A recent customer on RedHat Enterprise Linux 6 (RHEL6) was running WAS 8, 64-bit. We noticed that the virtual size of the process was over 14GB (ps -p $PID -o vsz,rss). The maximum heap (-Xmx) was 5.5GB, so we were concerned there was a native memory leak. In IBM Java 626 (which ships with WAS 8), javacores have a NATIVEMEMINFO structure which tracks most JVM native allocations, including -Xmx itself, classes, classloaders, JIT, shared classes, and even some SDK native allocations like DirectByteBuffers. These are the most common things to leak (whether due to a bug in the JVM itself or leaking classloaders in an application, etc.); however, when we looked at the javacore, it was only showing about 6.25GB:
1MEMUSER JRE: 6,401,632,920 bytes / 9912 allocations
The next most common cause of a native memory leak is a third-party library leak (such as a type 2 database driver). We ran the linux-asmemory.sh script included in MustGather: Native Memory Issues on Linux. The output of /proc/$PID/maps did not really show any third party libraries outside of Java, WAS, and the OS itself. We could also see in the maps output that there were about 125 private memory regions, each about 64MB in size. Here are 4 examples:
7f379403e000-7f3798000000 ---p 00000000 00:00 0 7f3798000000-7f379bff7000 rw-p 00000000 00:00 0 7f379c021000-7f37a0000000 ---p 00000000 00:00 0 7f37a0028000-7f37a4000000 ---p 00000000 00:00 0
That lined up with what we knew -- "well known" data structures in the JVM were consuming about 6GB and then 125*64MB ~= 8GB. We were about to start using a complex procedure to investigate who was allocating these regions when the customer found a hint that this could be "benign." The RHEL 6 release notes say the following:
Red Hat Enterprise Linux 6 features version 2.11 of glibc, providing many features and enhancements, including... An enhanced dynamic memory allocation (malloc) behaviour enabling higher scalability across many sockets and cores. This is achieved by assigning threads their own memory pools and by avoiding locking in some situations. The amount of additional memory used for the memory pools (if any) can be controlled using the environment variables MALLOC_ARENA_TEST and MALLOC_ARENA_MAX. MALLOC_ARENA_TEST specifies that a test for the number of cores is performed once the number of memory pools reaches this value. MALLOC_ARENA_MAX sets the maximum number of memory pools used, regardless of the number of cores.

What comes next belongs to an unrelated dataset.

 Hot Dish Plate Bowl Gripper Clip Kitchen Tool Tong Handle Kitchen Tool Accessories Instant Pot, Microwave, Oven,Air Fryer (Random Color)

After some investigation, the glibc 2.10 "NEWS" release notes have this:
* The malloc implementation can be compiled to be less memory efficient but higher performing in multi-threaded programs. Implemented by Ulrich Drepper.

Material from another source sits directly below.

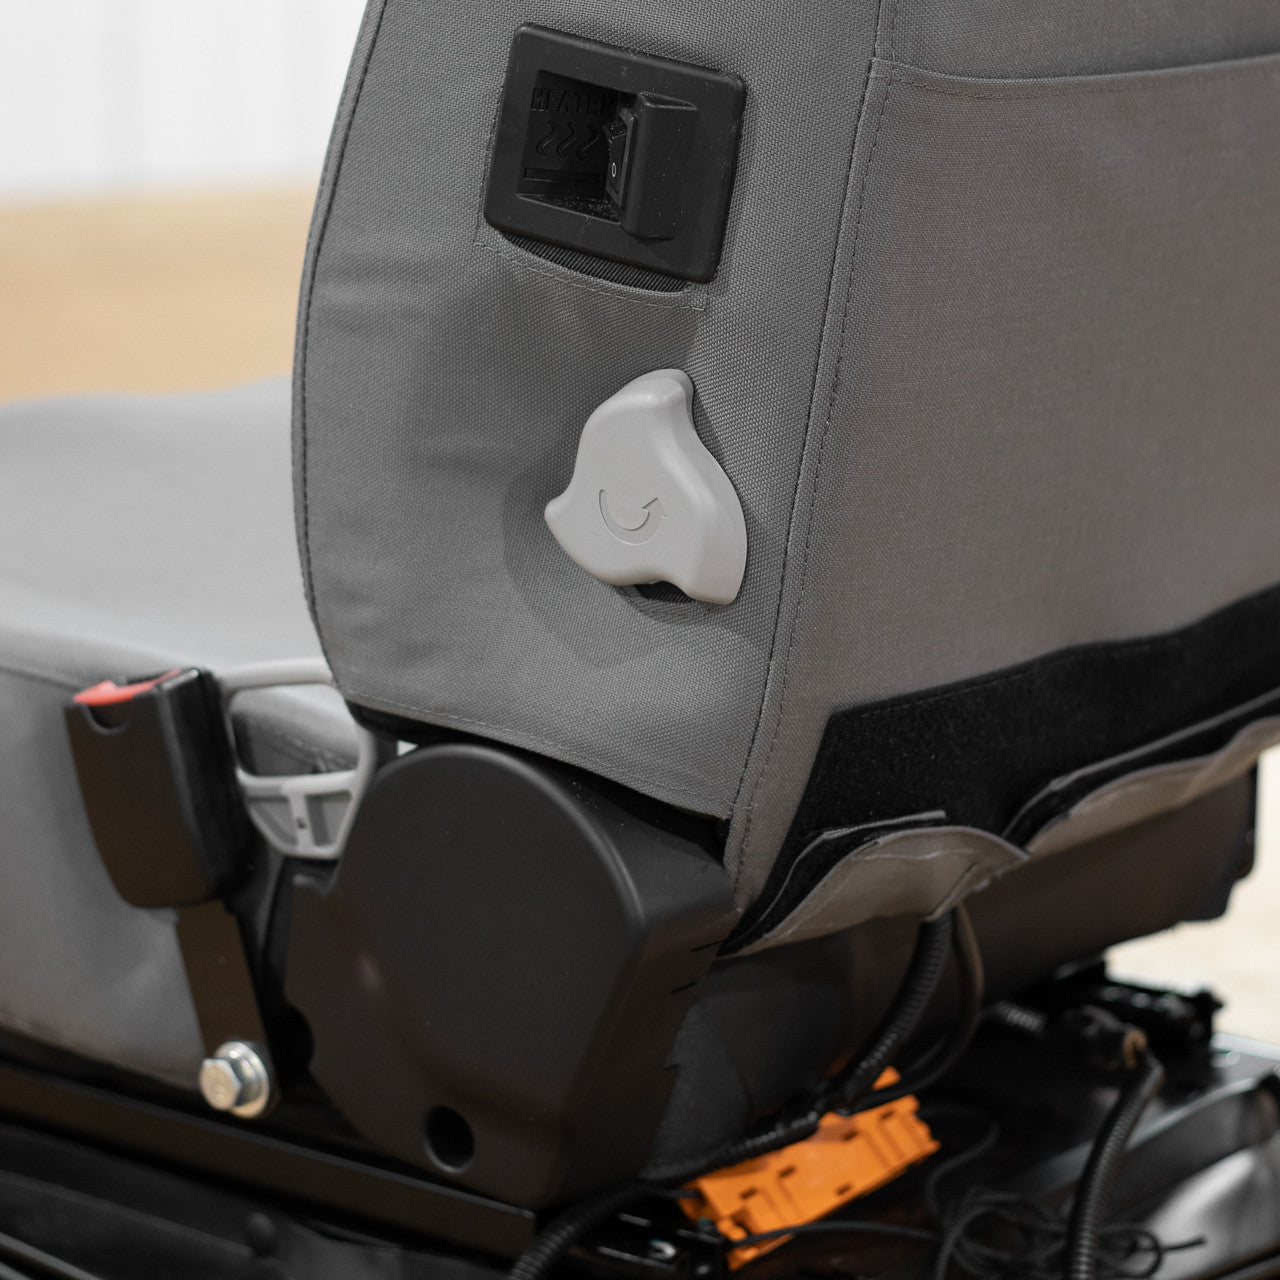 This Case & Link-Belt Excavator Seat Cover works with the existing seat controls

[glibc-2.10.1]$ grep CPPFLAGS malloc/Makefile
CPPFLAGS-malloc.c += -DPER_THREAD -DATOMIC_FASTBINS
The developer, Ulrich Drepper, has a much deeper explanation on his blog:
Before, malloc tried to emulate a per-core memory pool. Every time when contention for all existing memory pools was detected a new pool is created. Threads stay with the last used pool if possible... This never worked 100% because a thread can be descheduled while executing a malloc call. When some other thread tries to use the memory pool used in the call it would detect contention. A second problem is that if multiple threads on multiple core/sockets happily use malloc without contention memory from the same pool is used by different cores/on different sockets. This can lead to false sharing and definitely additional cross traffic because of the meta information updates. There are more potential problems not worth going into here in detail.

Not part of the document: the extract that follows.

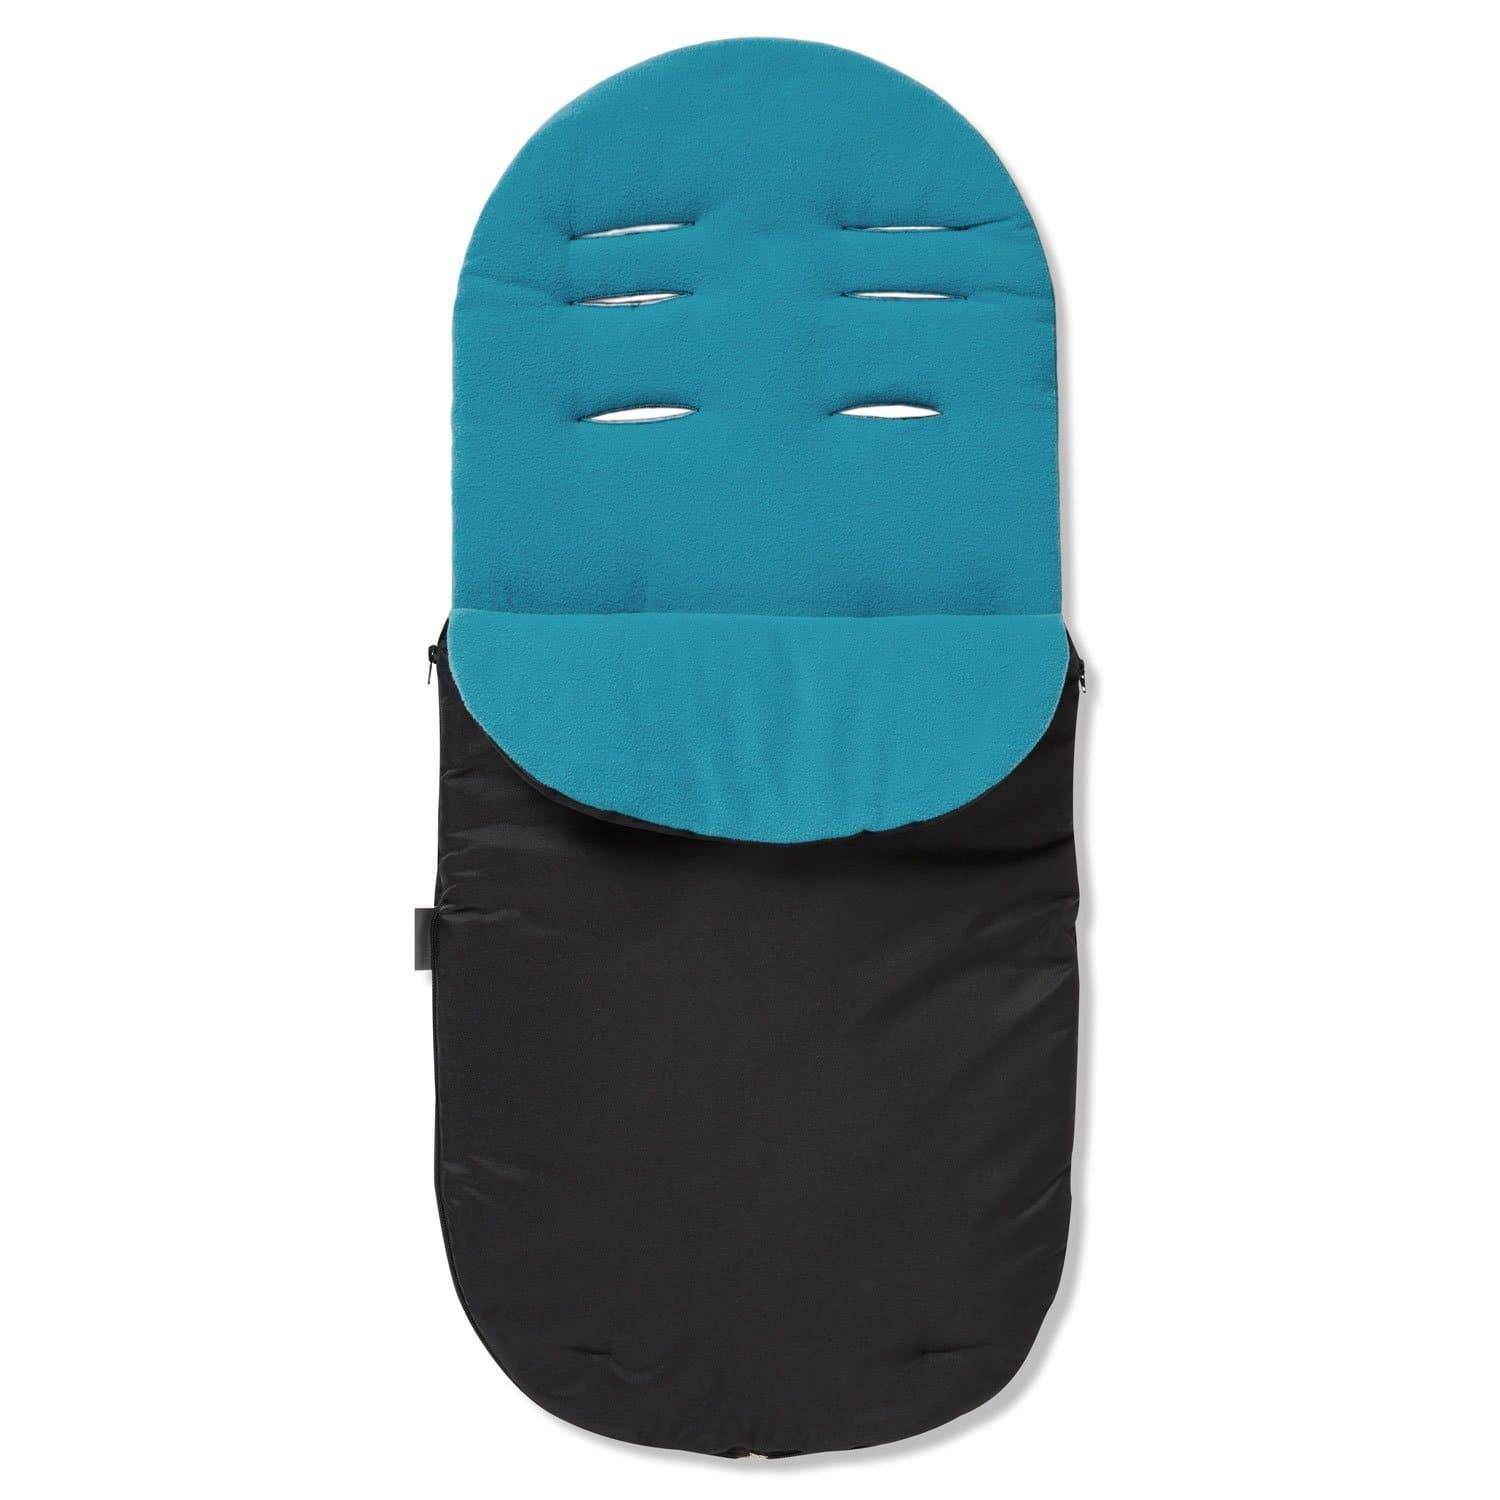 Footmuff / Cosy Toes Compatible with BabySun - For Your Little One

The changes which are in glibc now create per-thread memory pools. This can eliminate false sharing in most cases. The meta data is usually accessed only in one thread (which hopefully doesn’t get migrated off its assigned core). To prevent the memory handling from blowing up the address space use too much the number of memory pools is capped. By default we create up to two memory pools per core on 32-bit machines and up to eight memory per core on 64-bit machines. The code delays testing for the number of cores (which is not cheap, we have to read /proc/stat) until there are already two or eight memory pools allocated, respectively.
While these changes might increase the number of memory pools which are created (and thus increase the address space they use) the number can be controlled. Because using the old mechanism there could be a new pool being created whenever there are collisions the total number could in theory be higher. Unlikely but true, so the new mechanism is more predictable.
... Memory use is not that much of a premium anymore and most of the memory pool doesn’t actually require memory until it is used, only address space... We have done internally some measurements of the effects of the new implementation and they can be quite dramatic.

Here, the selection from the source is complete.